Wireguard
This simple structure show how to connect two offices. One remote branch and the central office.
Topology
The topology have a central and a branch VyOS router and one client, to test, in each site.
Configuration
Set the local subnet on eth2 and the public ip address eth1 on each site.
Central
set interface ethernet eth2 address 10.0.1.254/24
set interface ethernet eth1 address 198.51.100.1/24
Branch
set interface ethernet eth2 address 10.0.2.254/24
set interface ethernet eth1 address 198.51.100.2/24
Next thing to do, is to create a wireguard keypair on each side. After this, the public key can be displayed, to save for later.

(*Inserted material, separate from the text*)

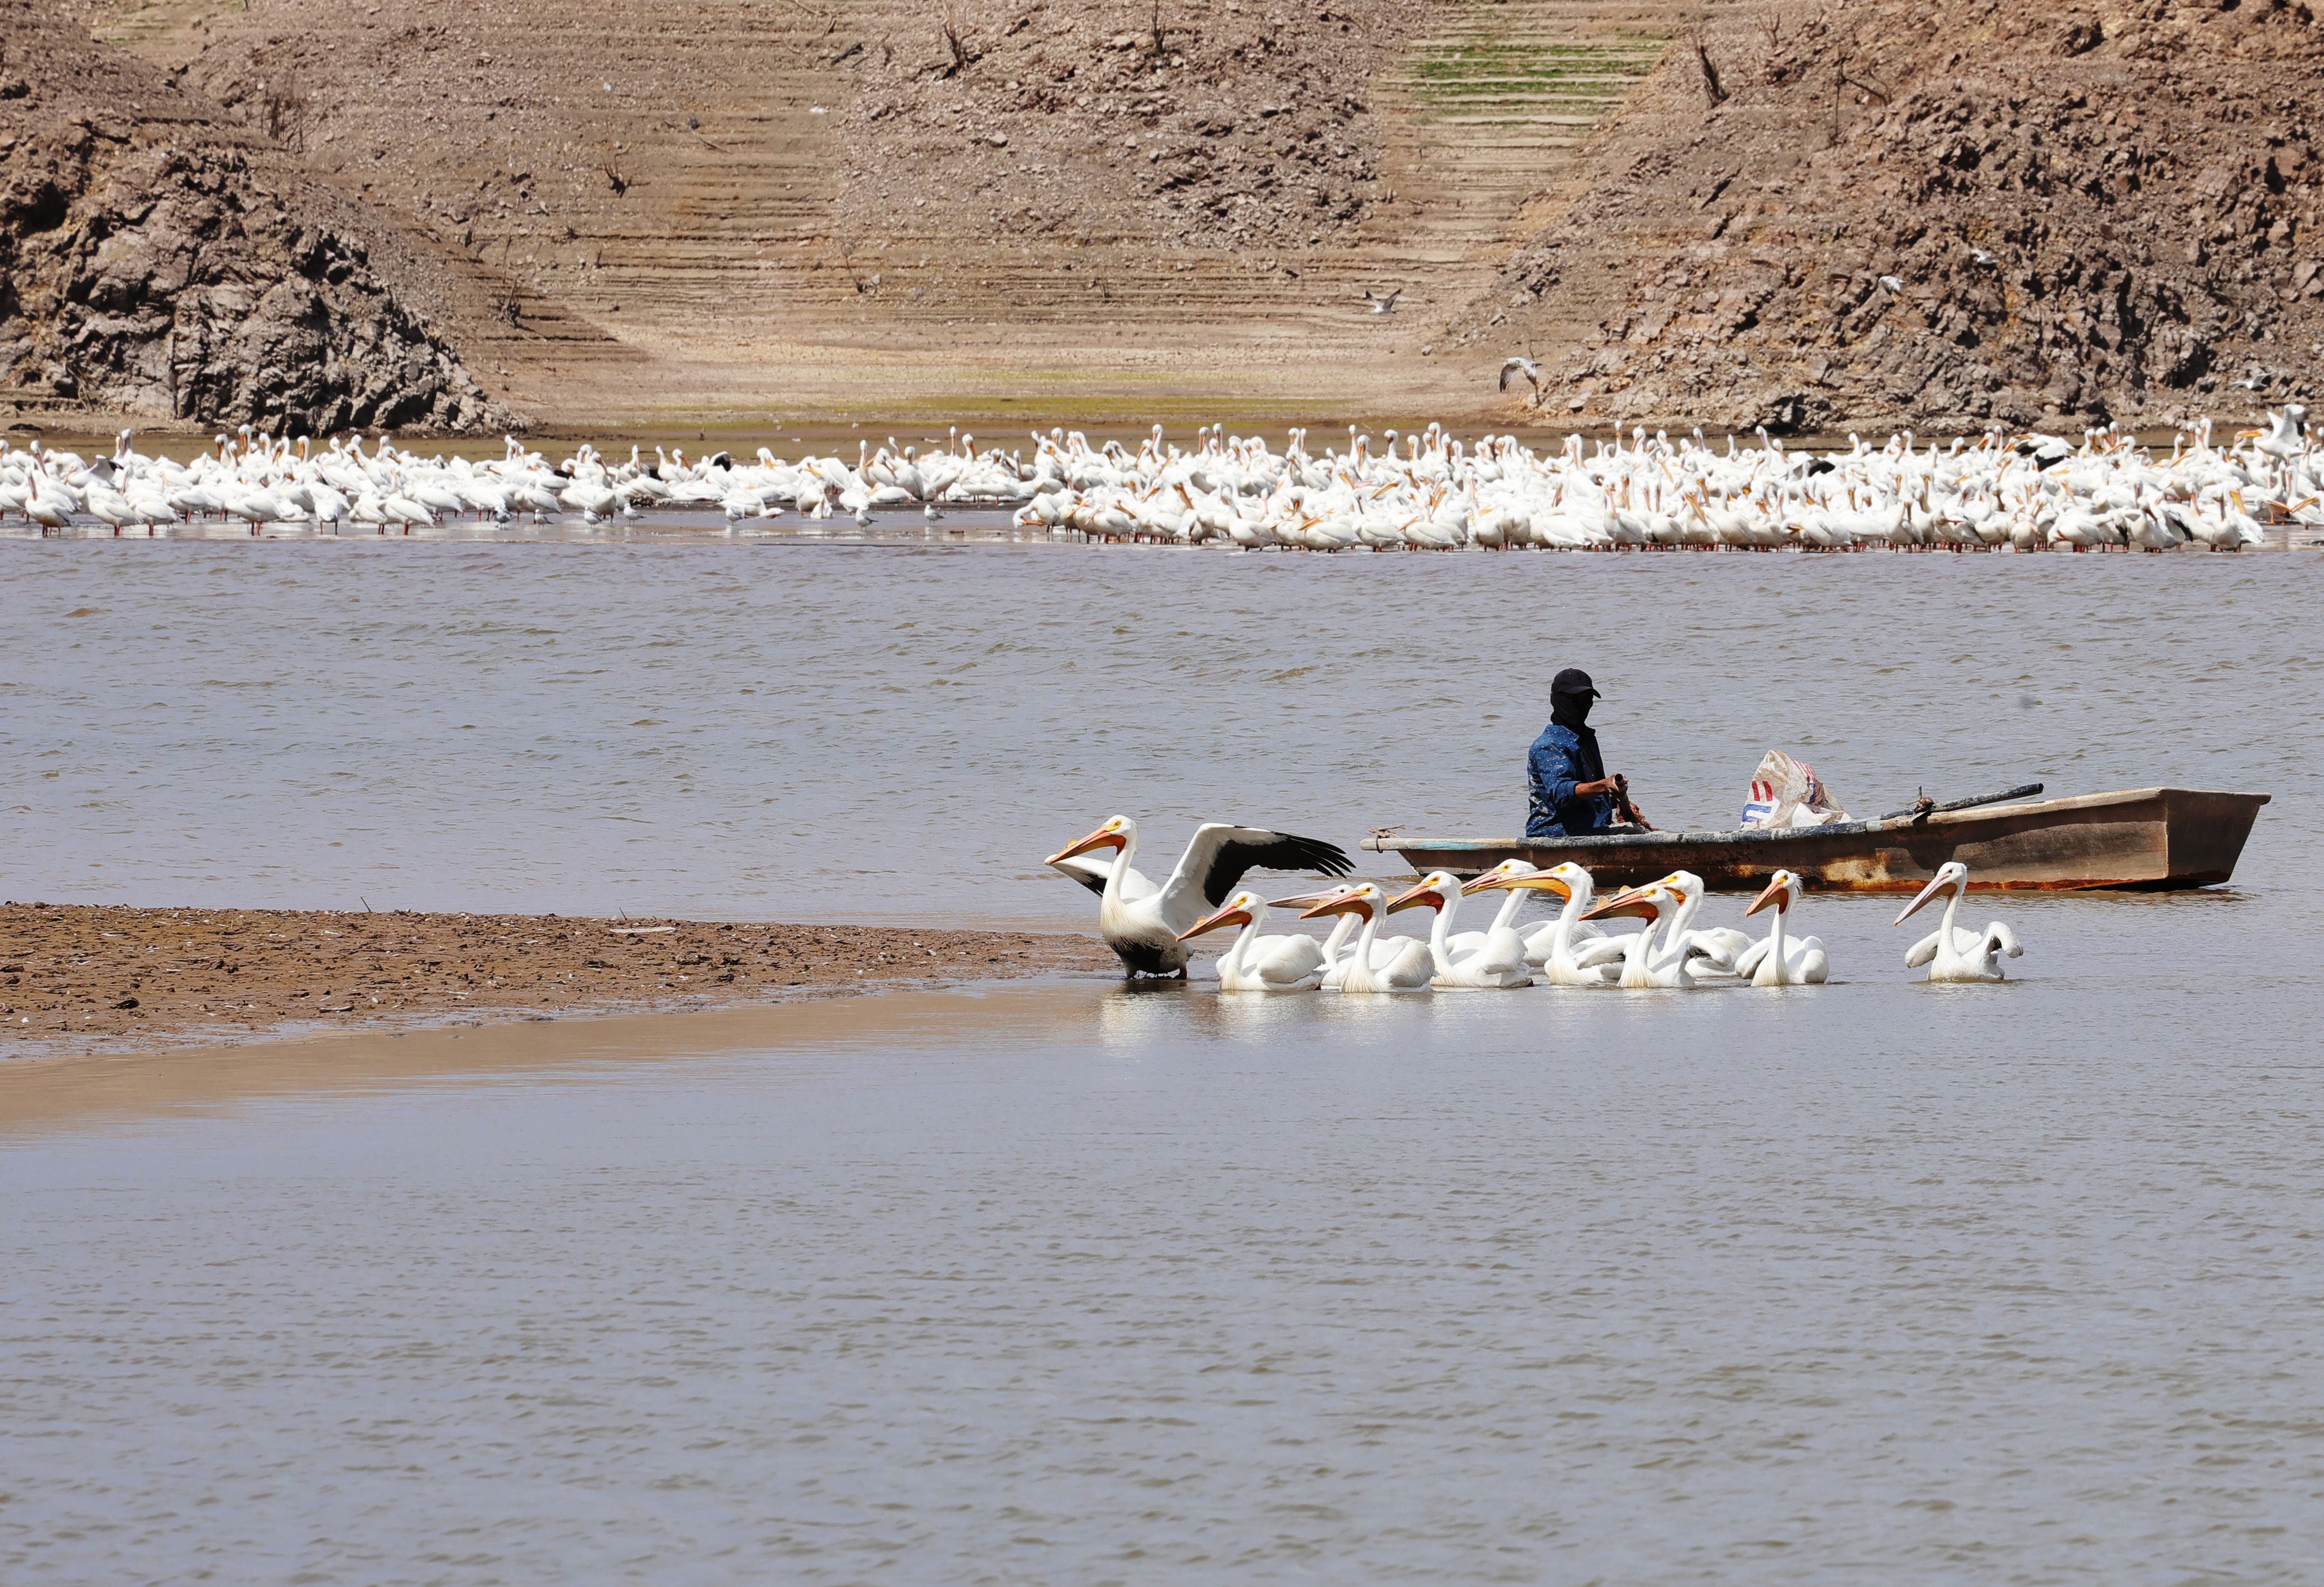 En la poca agua que queda en algunas partes de la presa “El Mocúzari”, pescadores extraen lo poco que queda de peces, compitiendo con las
aves que acuden a alimentarse.

vyos@central:~$ generate pki wireguard
Private key: cMNGHtb5dW92ORG3HS8JJlvQF8pmVGt2Ydny8hTBLnY=
Public key: WyfLCTXi31gL+YbYOwoAHCl2RgS+y56cYHEK6pQsTQ8=
After you have each public key. The wireguard interfaces can be setup.
Central
set interfaces wireguard wg01 private-key 'cMNGHtb5dW92ORG3HS8JJlvQF8pmVGt2Ydny8hTBLnY='
set interfaces wireguard wg01 address 192.168.0.1/24
set interfaces wireguard wg01 description 'VPN-to-Branch'
set interfaces wireguard wg01 peer branch allowed-ips 10.0.2.0/24
set interfaces wireguard wg01 peer branch allowed-ips 192.168.0.0/24
set interfaces wireguard wg01 peer branch address 198.51.100.2
set interfaces wireguard wg01 peer branch port 51820
set interfaces wireguard wg01 peer branch public-key '9ySVcjER2cY1tG/L7598zHg8g1xyggjxALqzeCxLgw4='
set interfaces wireguard wg01 port 51820
Branch
set interfaces wireguard wg01 private-key 'oDZ2S/4S6UEuhOyk0MvNSQTebugihX5RKCrI3exmHV8='
set interfaces wireguard wg01 address 192.168.0.2/24
set interfaces wireguard wg01 description 'VPN-to-central'
set interfaces wireguard wg01 peer central allowed-ips 10.0.1.0/24
set interfaces wireguard wg01 peer central allowed-ips 192.168.0.0/24
set interfaces wireguard wg01 peer central address 198.51.100.1
set interfaces wireguard wg01 peer central port 51820
set interfaces wireguard wg01 peer central public-key 'WyfLCTXi31gL+YbYOwoAHCl2RgS+y56cYHEK6pQsTQ8='
set interfaces wireguard wg01 port 51820
To reach the network, a route must be set on each VyOS host. In this structure, a static interface route will fit the requirements.
Central
set protocols static route 10.0.2.0/24 interface wg01
Branch
set protocols static route 10.0.1.0/24 interface wg01
Testing and debugging
After all is done and commit, let’s take a look if the Wireguard interface is up and running.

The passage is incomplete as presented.